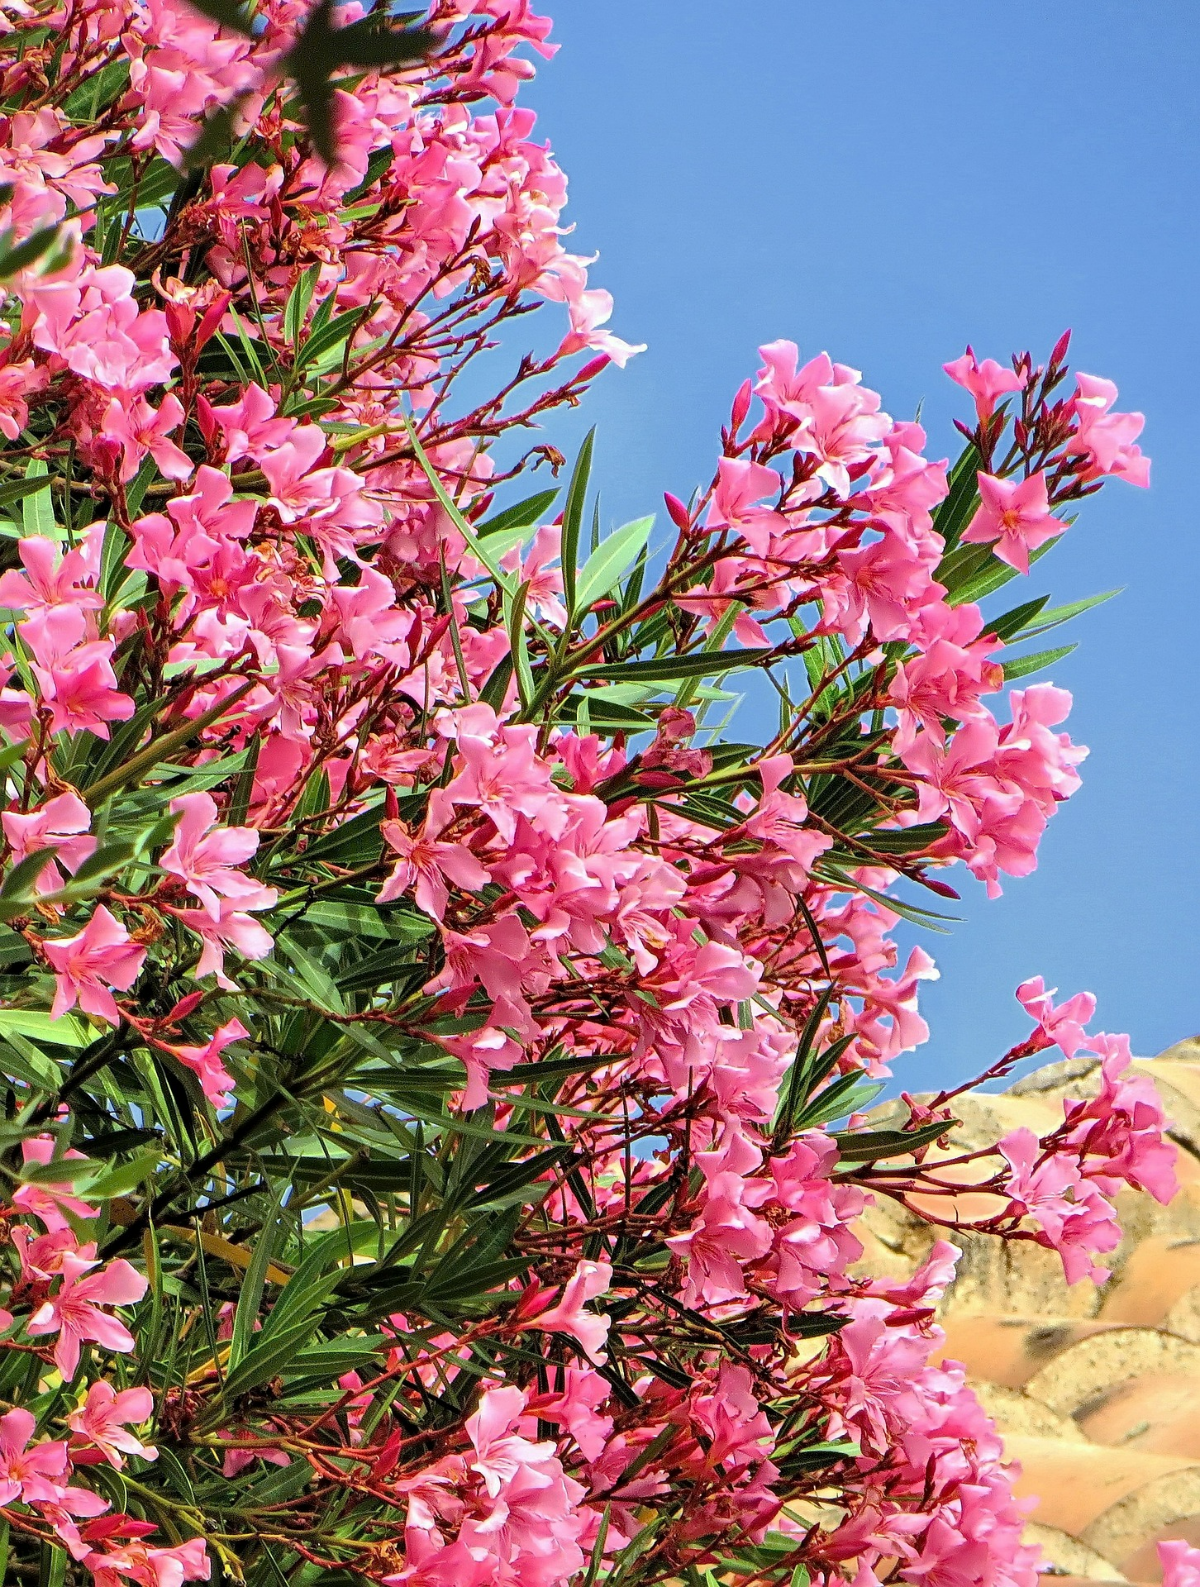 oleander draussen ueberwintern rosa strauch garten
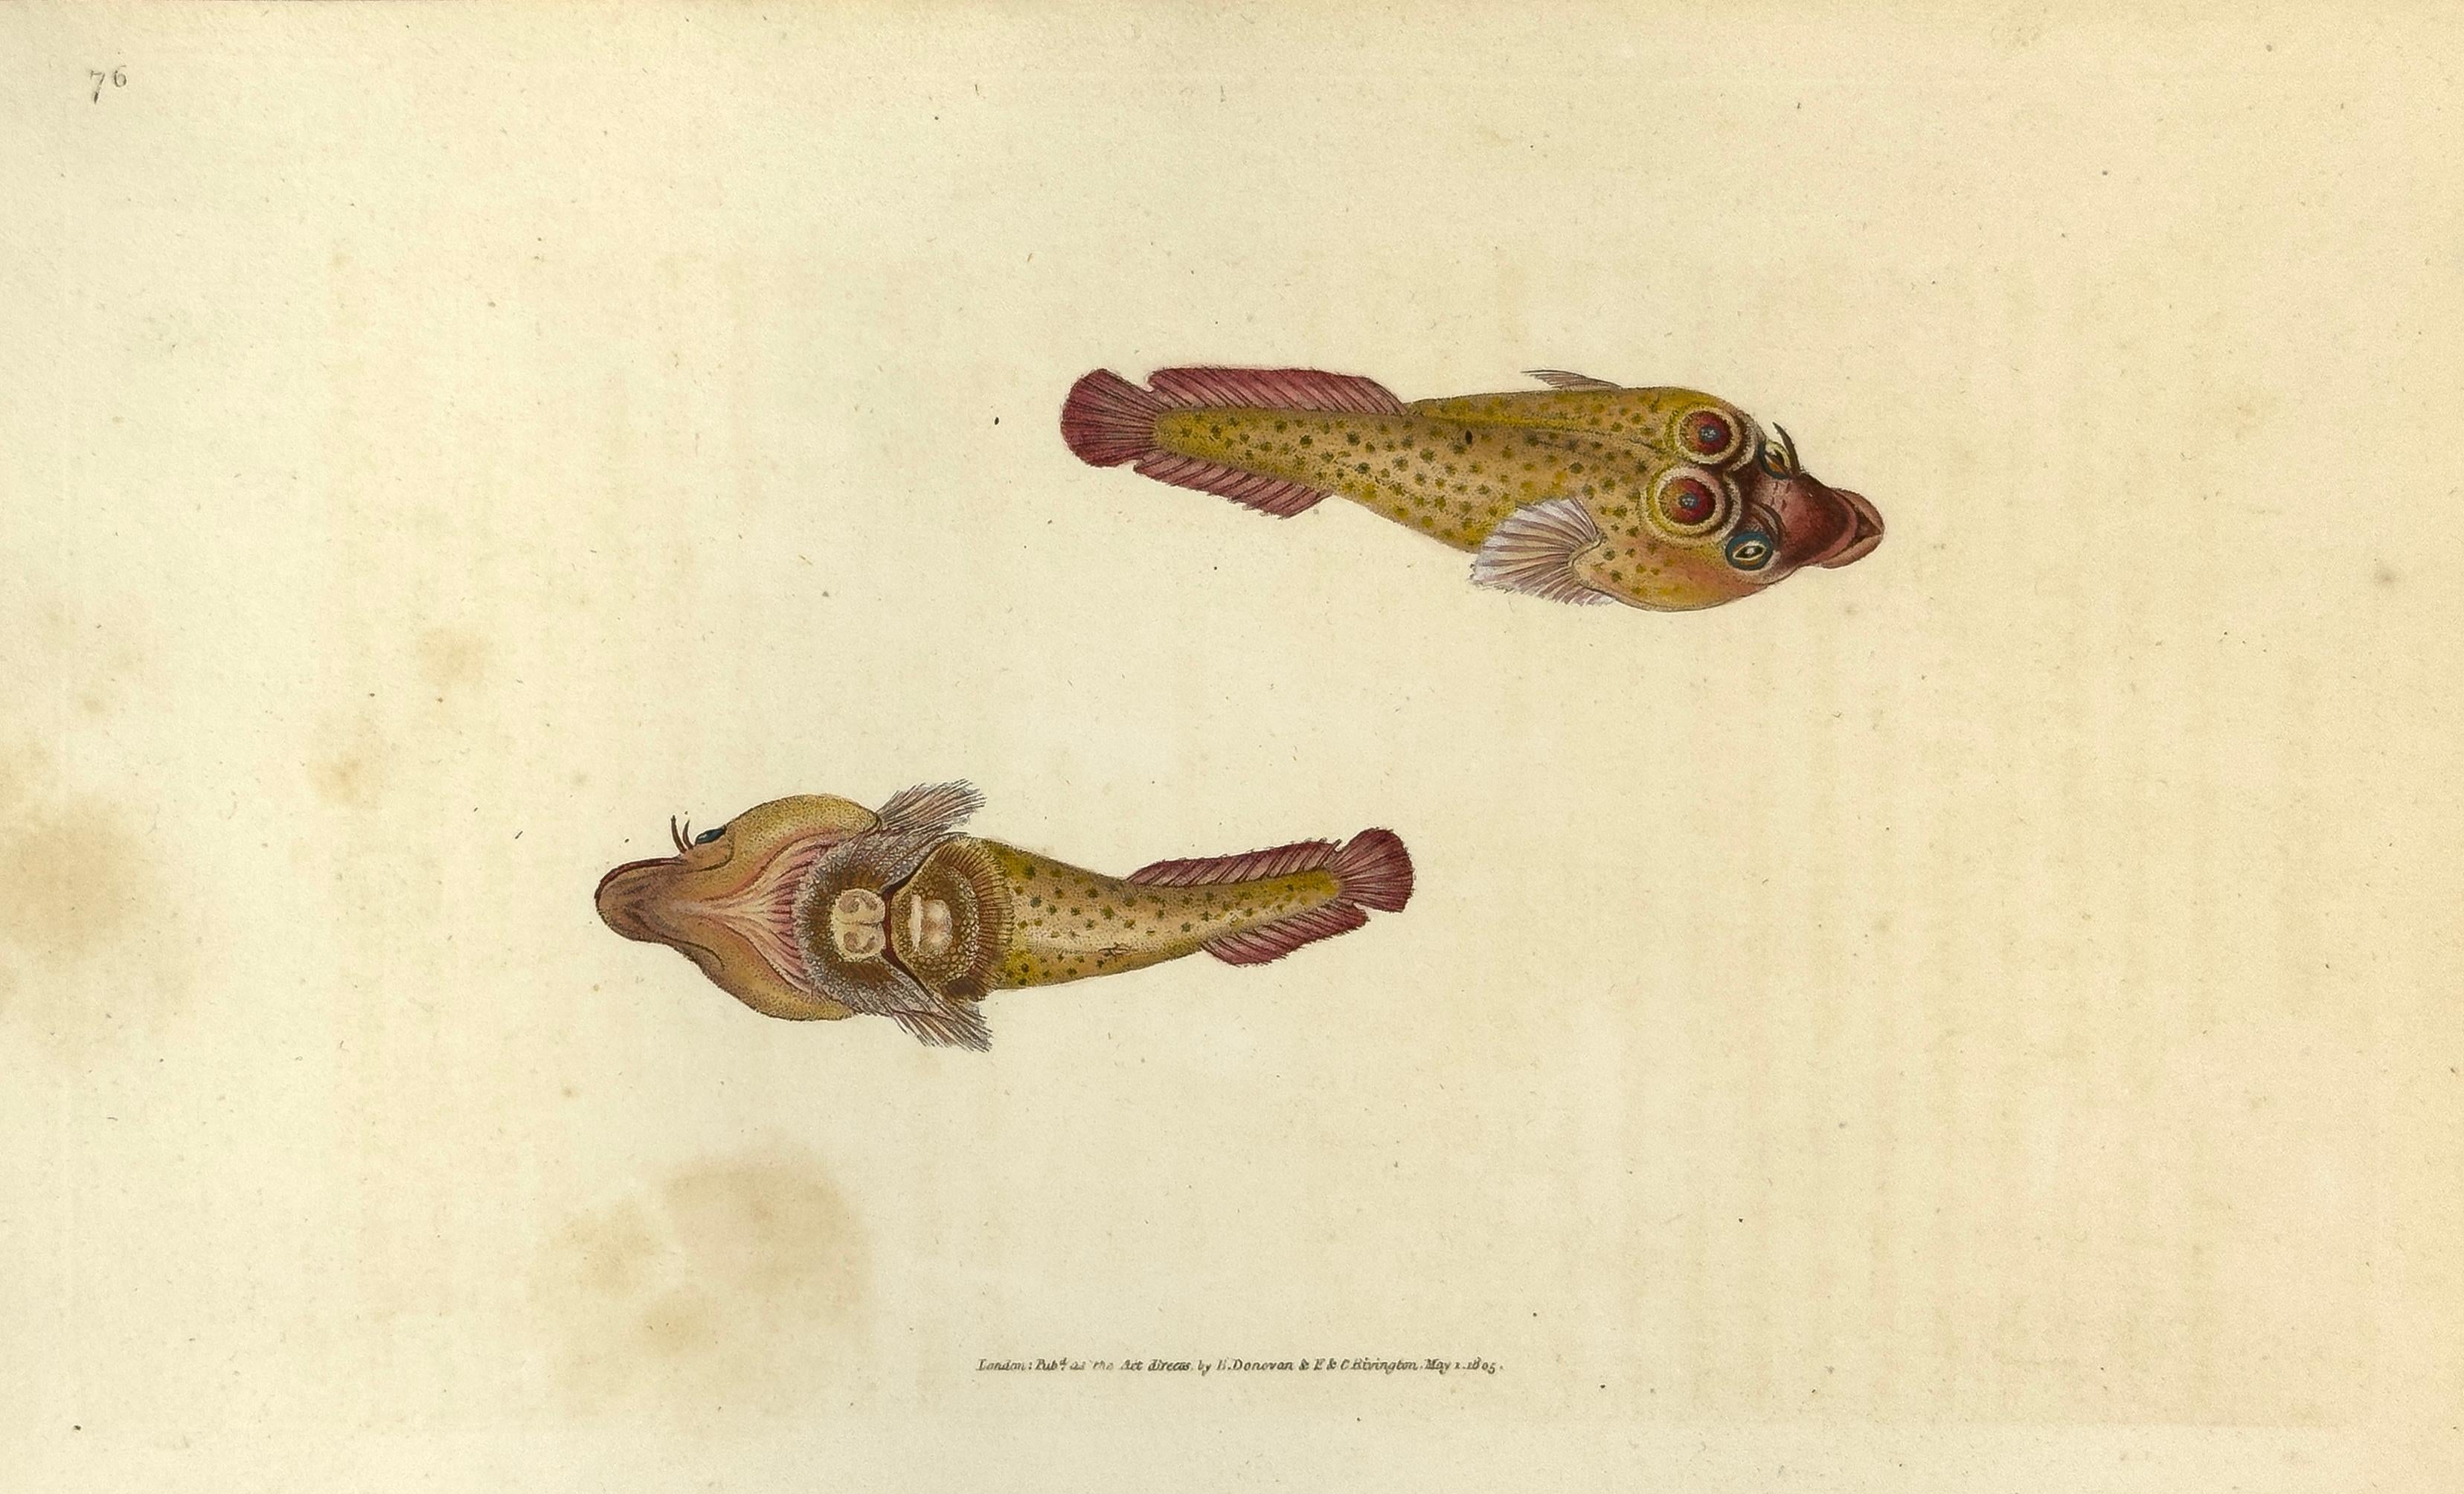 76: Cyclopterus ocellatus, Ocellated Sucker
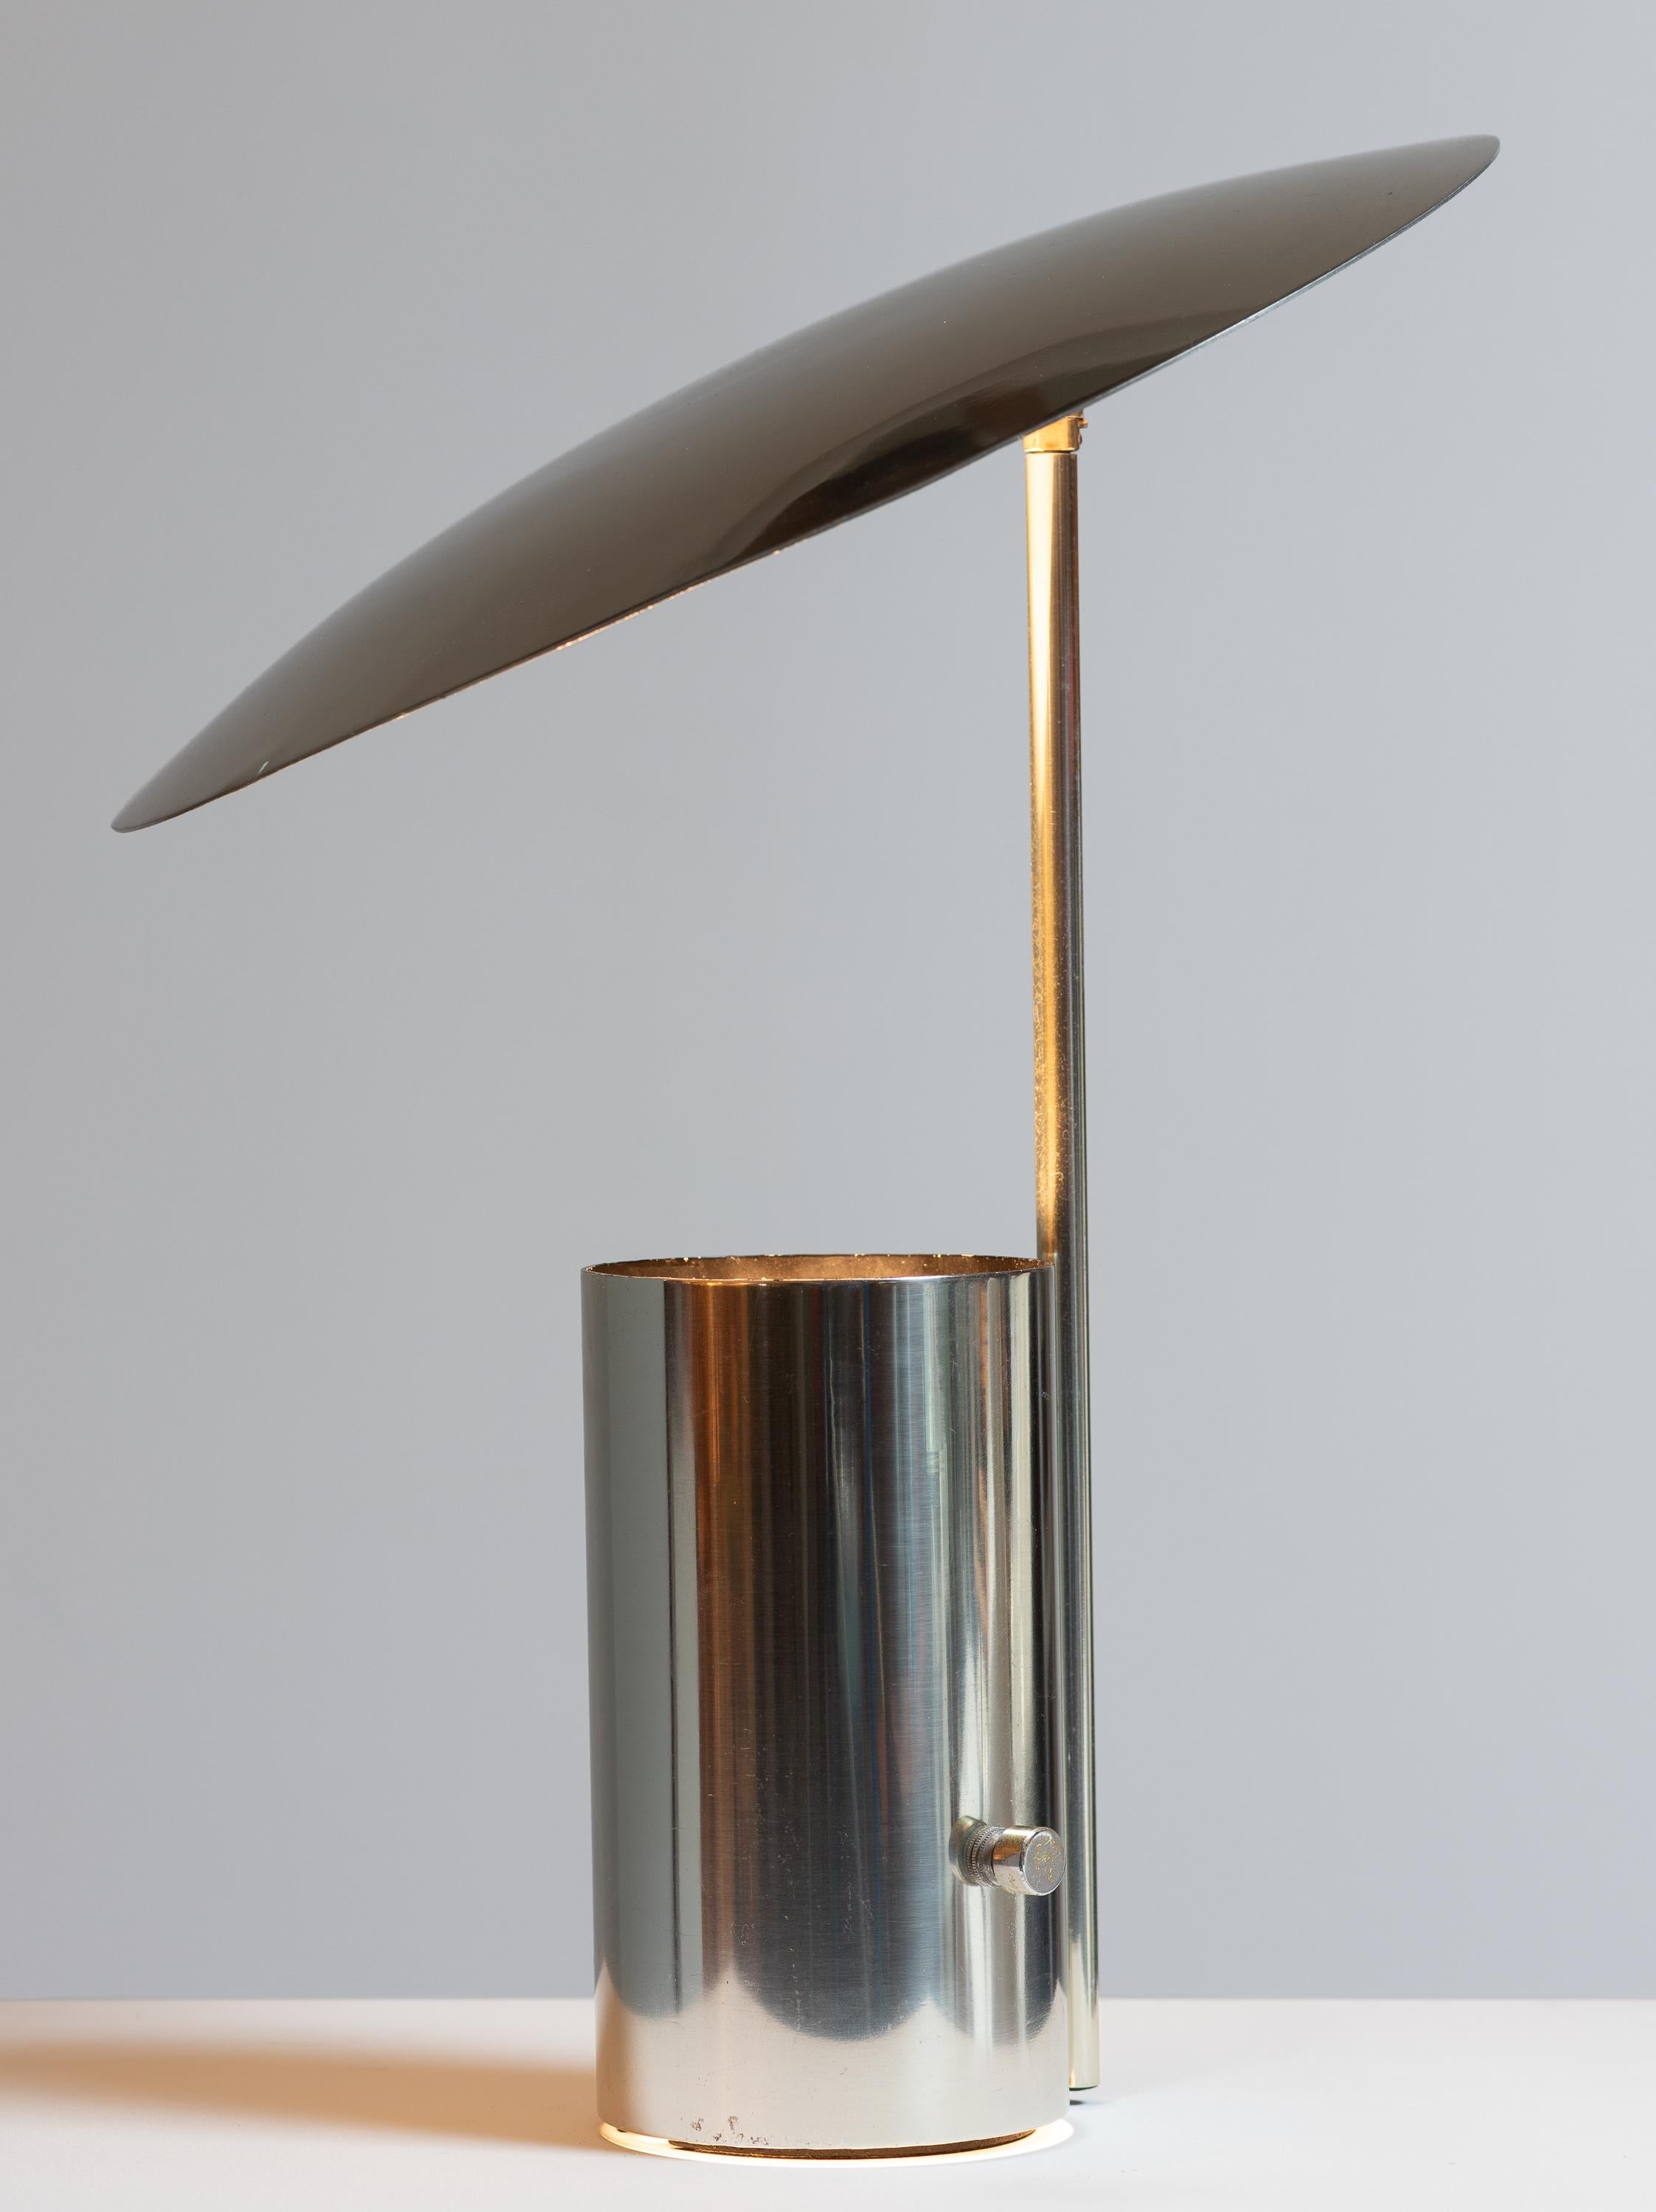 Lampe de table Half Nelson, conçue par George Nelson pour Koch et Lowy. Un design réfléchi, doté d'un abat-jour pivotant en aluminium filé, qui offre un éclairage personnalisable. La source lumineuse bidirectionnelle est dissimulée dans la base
★ ★ ★ ★
## Task statement
Instruction for this listing: copy it exactly, but leave the images behind.

## Exercise answer
 oleander draussen ueberwintern rosa strauch garten
 76: Cyclopterus ocellatus, Ocellated Sucker
 Lampe de table Half Nelson, conçue par George Nelson pour Koch et Lowy. Un design réfléchi, doté d'un abat-jour pivotant en aluminium filé, qui offre un éclairage personnalisable. La source lumineuse bidirectionnelle est dissimulée dans la base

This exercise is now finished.